The remaining killers have risen to be powerful lieutenants in the crime syndicate, so Tolly works his way into their organization. In the process, he saves and then begins a romance with a low-level syndicate money-runner named Cuddles (Dolores Dorn). Becoming a secret informant for the police, Tolly ends up playing both sides in his cagey campaign to bring down the remaining mobsters. Tolly's machinations convince syndicate boss Connors to have each of the three lieutenants murdered by the syndicate's ruthless assassin, Gus.

Having accomplished his goal, Tolly plans to go straight and marry Cuddles. The police warn him that without bringing down Connors, he has no chance of getting out alive, but Tolly does not believe them. As Tolly prepares to leave, Gus arrives and informs him that Connors has assigned them to kill Cuddles and several other innocent witnesses. Tolly realizes that Connors must be stopped. He knocks out Gus and turns him in to the police, and then confronts Connors and his men. Tolly kills Connors, but is shot during the struggle. He stumbles into an alley and dies.

==Cast==
- Cliff Robertson as Tolly Devlin
- Dolores Dorn as Cuddles
- Beatrice Kay as Sandy
- Paul Dubov as Gela
- Robert Emhardt as Earl Connors
- Larry Gates as John Driscoll
- Richard Rust as Gus Cottahee
- Gerald Milton as Gunther
- Allan Gruener as Smith

==Production==
Producer Ray Stark asked Fuller to write and direct a film based on the title of a magazine article written by Joseph F. Dinneen. Fuller also was inspired by a book, Here Is to Crime, by newspaperman Riley Cooper.

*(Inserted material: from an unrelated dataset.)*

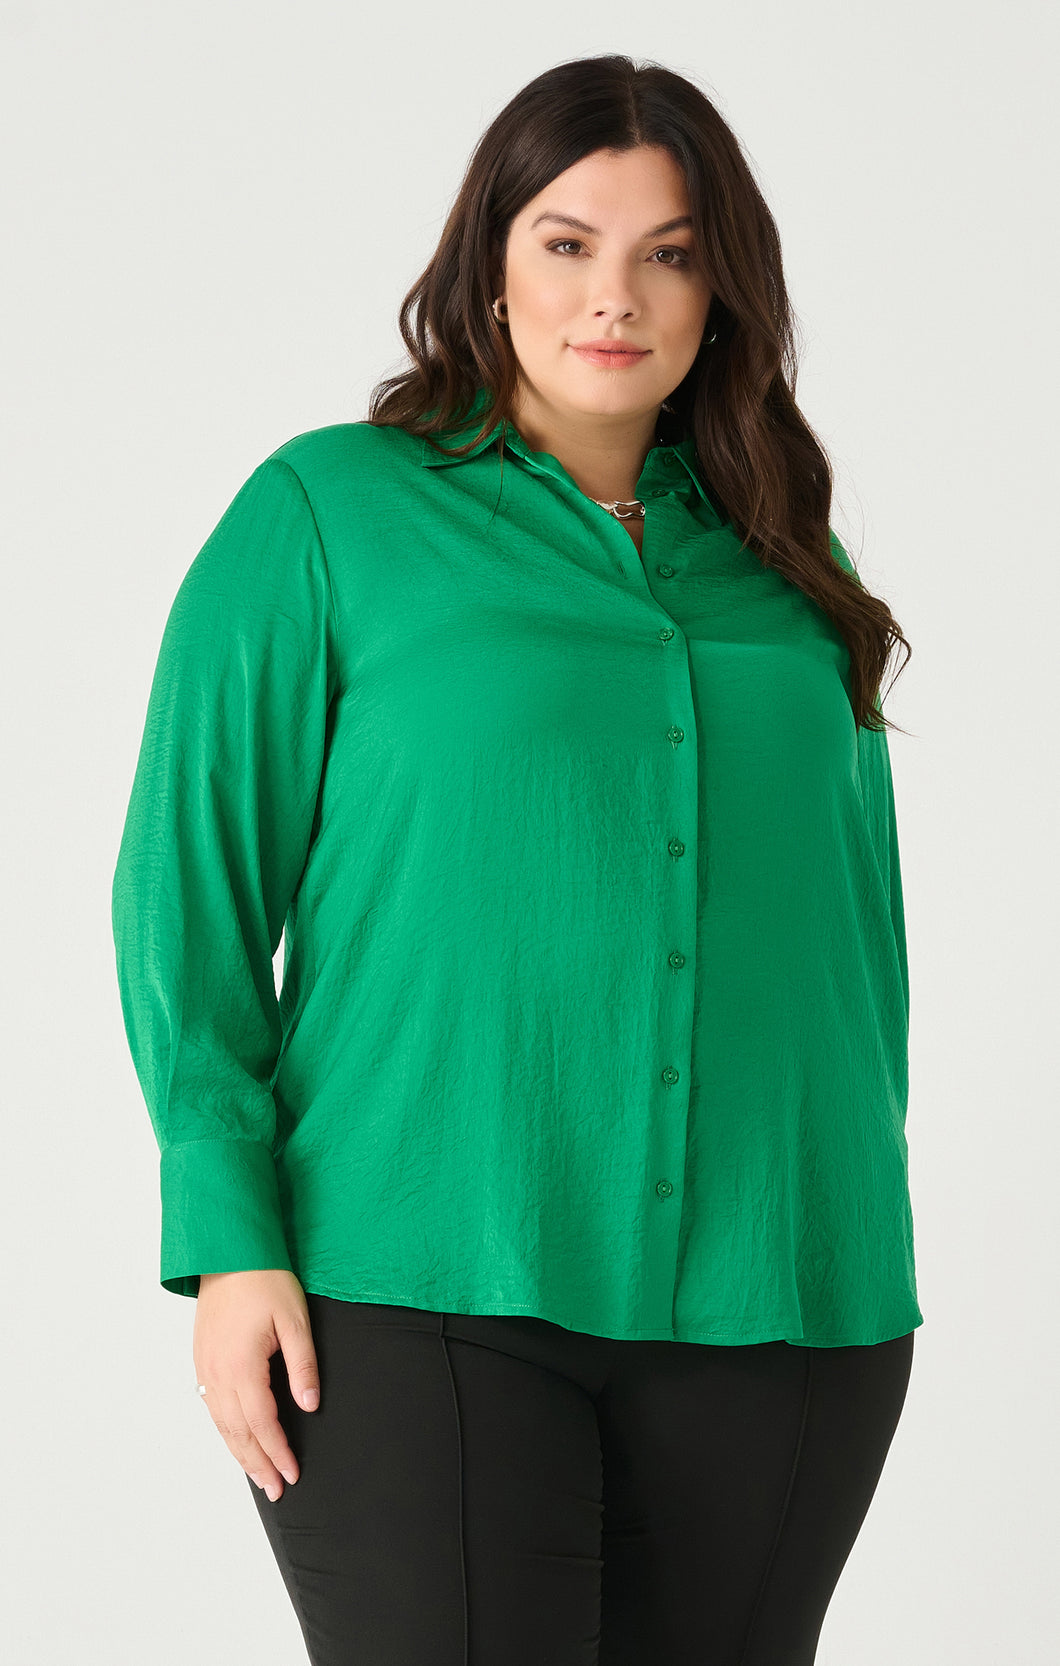 TEXTURED EMERALD BLOUSE by Dex (available in plus sizes)

An opening scene with a Union of Prostitutes was deleted by Sam Briskin and other Columbia executives. Fuller's character Tolly is a loner motivated by revenge using the United States government and his own devices to even the score. Fuller heard the reaction of a real-life gangster who reportedly said, "If only my son would have that kind of affection for me!"

==Reception==

===Critical response===
Film critic Dennis Schwartz liked the film, and wrote, "Samuel Fuller's revenge crime thriller is shot in the same brisk and violent manner he shoots his war films". Eddie Muller writing about this late noir: "Fuller spins this saga in the bombastic cinematic equivalent of tabloid journalism—lurid, punchy, and sensational—ideas and emotions smacking the viewer in 200-point type."

===Legacy===
A wanted poster of Tolly Devlin appears in a police station in Columbia's film of Sail a Crooked Ship (1961).

==Preservation==
The Academy Film Archive preserved Underworld U.S.A. in 2000.